The foregoing features, technical features, advantages and embodiments are further described in the following detailed description of the preferred embodiments, which is to be read in connection with the accompanying drawings.

Fig. 1 is a schematic structural diagram of an active coke regeneration system according to an embodiment of the present invention.

The reference numbers illustrate:

1. the system comprises a regeneration device, 11, a heating section, 111, a high-temperature gas outlet, 112, a high-temperature gas inlet, 12, a desorption section, 121, a regeneration gas outlet, 13, a cooling section, 131, a low-temperature gas outlet, 132, a low-temperature gas inlet, 2, a first fan, 3, a heater, 4, a second fan, 5, a first conveying sleeve, 6, a second conveying sleeve, 7, a dust remover and 8, a byproduct preparation device.

Detailed Description

In the following description, for purposes of explanation and not limitation, specific details are set forth, such as particular system structures, techniques, etc. in order to provide a thorough understanding of the embodiments of the present application. However, it will be apparent to one skilled in the art that the present application may be practiced in other embodiments that depart from these specific details. In other instances, detailed descriptions of well-known systems, devices, circuits, and methods are omitted so as not to obscure the description of the present application with unnecessary detail.

It will be understood that the terms "comprises" and/or "comprising," when used in this specification and the appended claims, specify the presence of stated features, integers, steps, operations, elements, and/or components, but do not preclude the presence or addition of one or more other features, integers, steps, operations, elements, components, and/or groups thereof.

For the sake of simplicity, only the parts relevant to the present invention are schematically shown in the drawings, and they do not represent the actual structure as a product.

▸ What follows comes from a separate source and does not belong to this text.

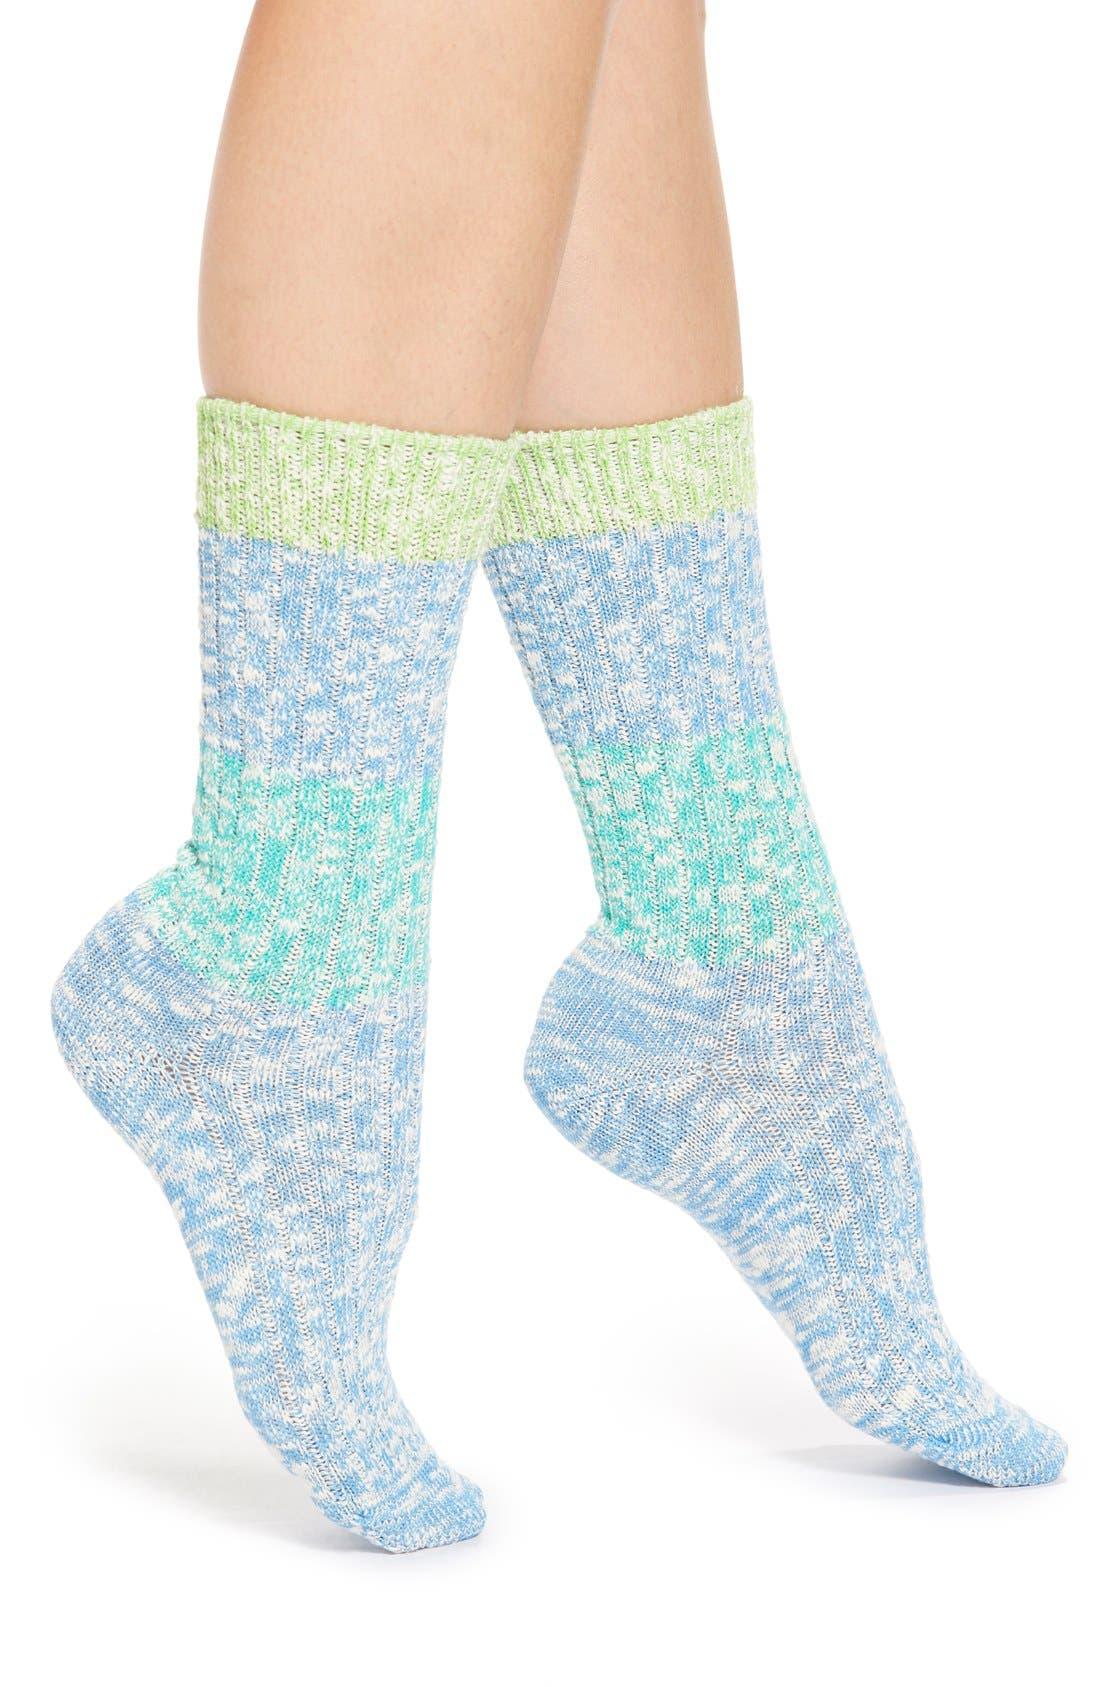 Main Image - Wigwam 'Capri' Crew Socks

In addition, in order to make the drawings concise and understandable, components having the same structure or function in some of the drawings are only schematically illustrated or only labeled. In this document, "one" means not only "only one" but also a case of "more than one".

It should be further understood that the term "and/or" as used in this specification and the appended claims refers to and includes any and all possible combinations of one or more of the associated listed items.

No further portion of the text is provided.